Insufficient starch-degrading enzymes could also have caused incomplete starch breakdown, as the extracted content correlated positively with the diastatic power of the adjunct (although not with the individual alpha- or beta-amylase contents). Alpha-amylase will probably contribute most to the starch solubilization, but the amount of this enzyme was negligible in the unmalted adjuncts. In contrast, the amount of beta-amylase in these unmalted adjuncts was substantial and differed significantly between the different adjuncts. However, diastatic power or alpha- and beta-amylase measurements may not encompass all enzymatic activity involved in starch breakdown. More specifically, proteolytic enzymes (but also cytolytic enzymes, albeit to a lesser extent) were proven to enhance starch breakdown during mashing, both via improved starch gelatinization as well as via the degradation of inhibitors of beta-amylase and limit-dextranase [19].
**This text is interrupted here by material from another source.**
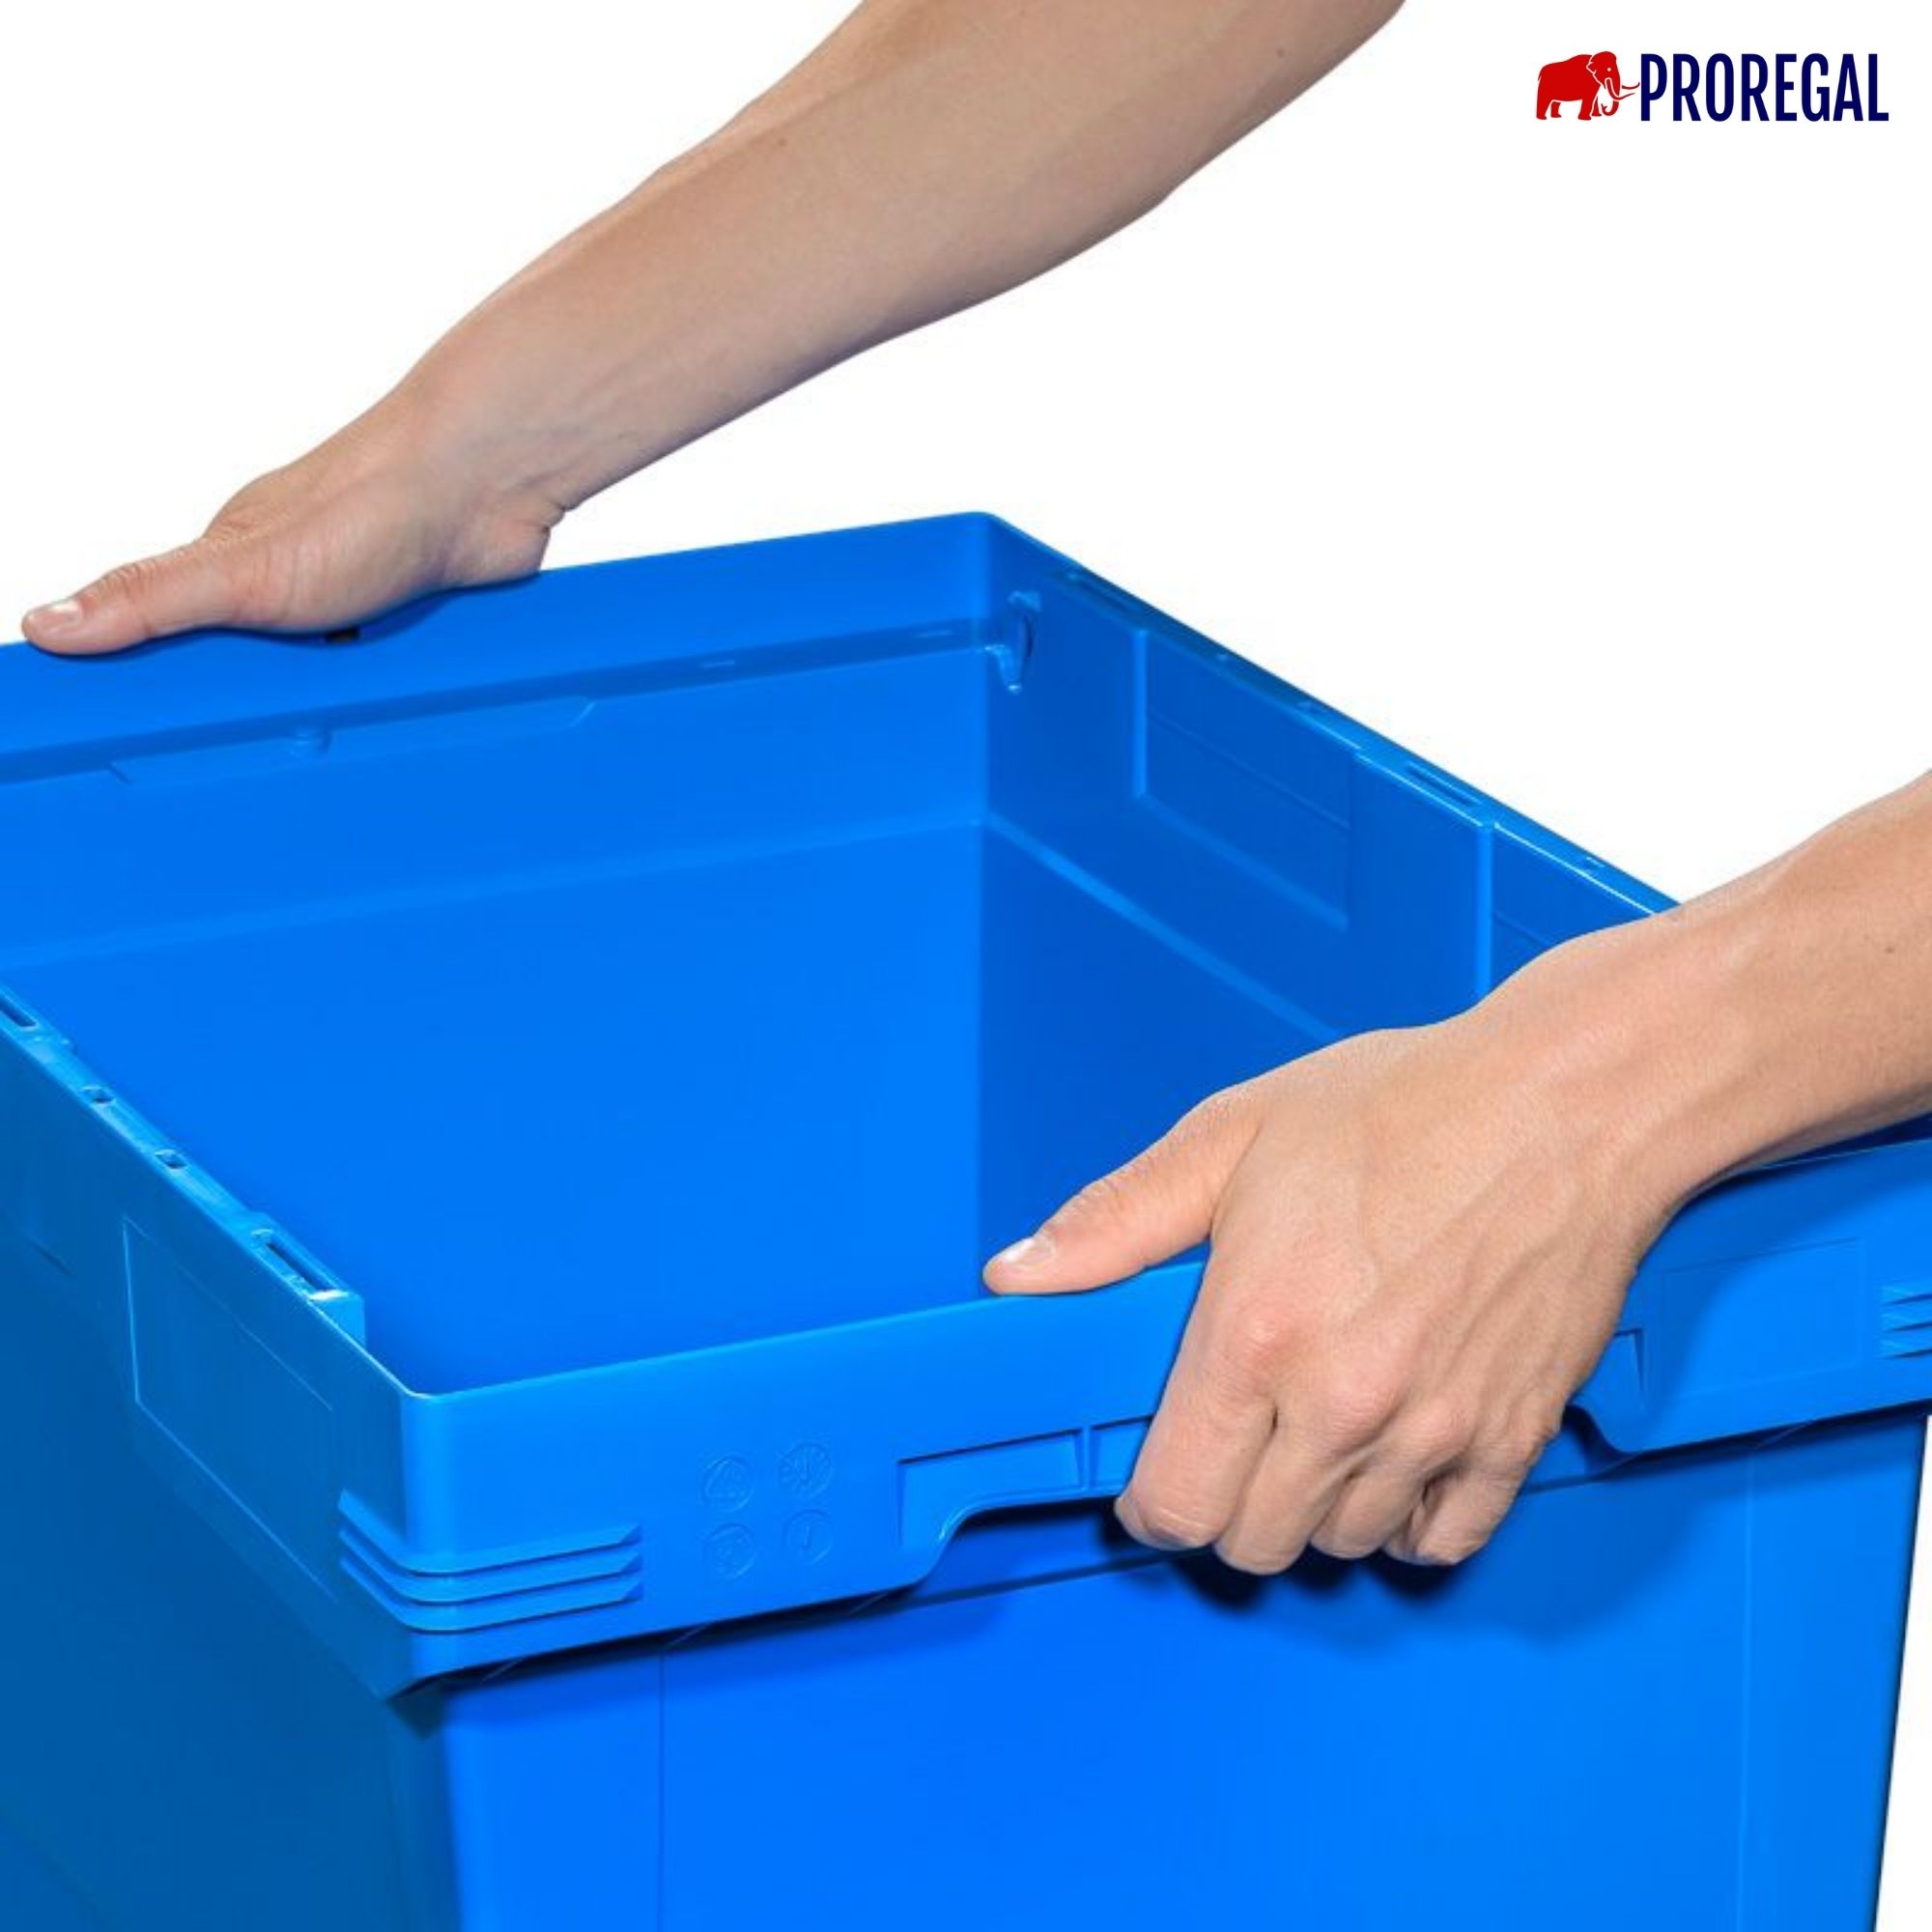 SparSet 10x Conical Mehrweg-Stapelbehälter mit Stapelbügel Blau | HxBxT 27,3x40x60cm | 47 Liter | Lagerbox Eurobox Transportbox Transportbehälter Stapelbehälter

The sugar composition of the wort varied widely between Congress mash with different unmalted alternative adjuncts. The concentration of maltose in the wort increased with the beta-amylase content of the unmalted adjunct, both after Congress mash and after Evans mash, but not after Congress mash with pre-gelatinization, indicating the inactivation of endogenous enzymes during pre-gelatinization. Mashing with quinoa, amaranth, buckwheat, sorghum, and teff resulted in unusually high concentrations of glucose combined with unusually low concentrations of maltose and maltotriose. After pre-gelatinization, the glucose concentrations decreased, and the maltose and maltotriose concentrations increased, indicating the presence of substantial alpha-glucosidase activity in these unmalted alternative adjuncts, which were inactivated upon pre-gelatinization. The presence of these enzymes in these adjuncts has indeed been reported in the past [20,21,22,23,24], except for teff. There may be different forms of alpha-glucosidases, as previously reported for millet [25], where the alpha-glucosidases had optimal activity at pH 3.5 to 6.0 and a temperature of 60 °C. Buckwheat alpha-glucosidases preferred shorter maltodextrins over longer maltodextrins (DP = 13) [24], whereas millet alpha-glucosidases had higher affinity for polysaccharides than for maltose [25].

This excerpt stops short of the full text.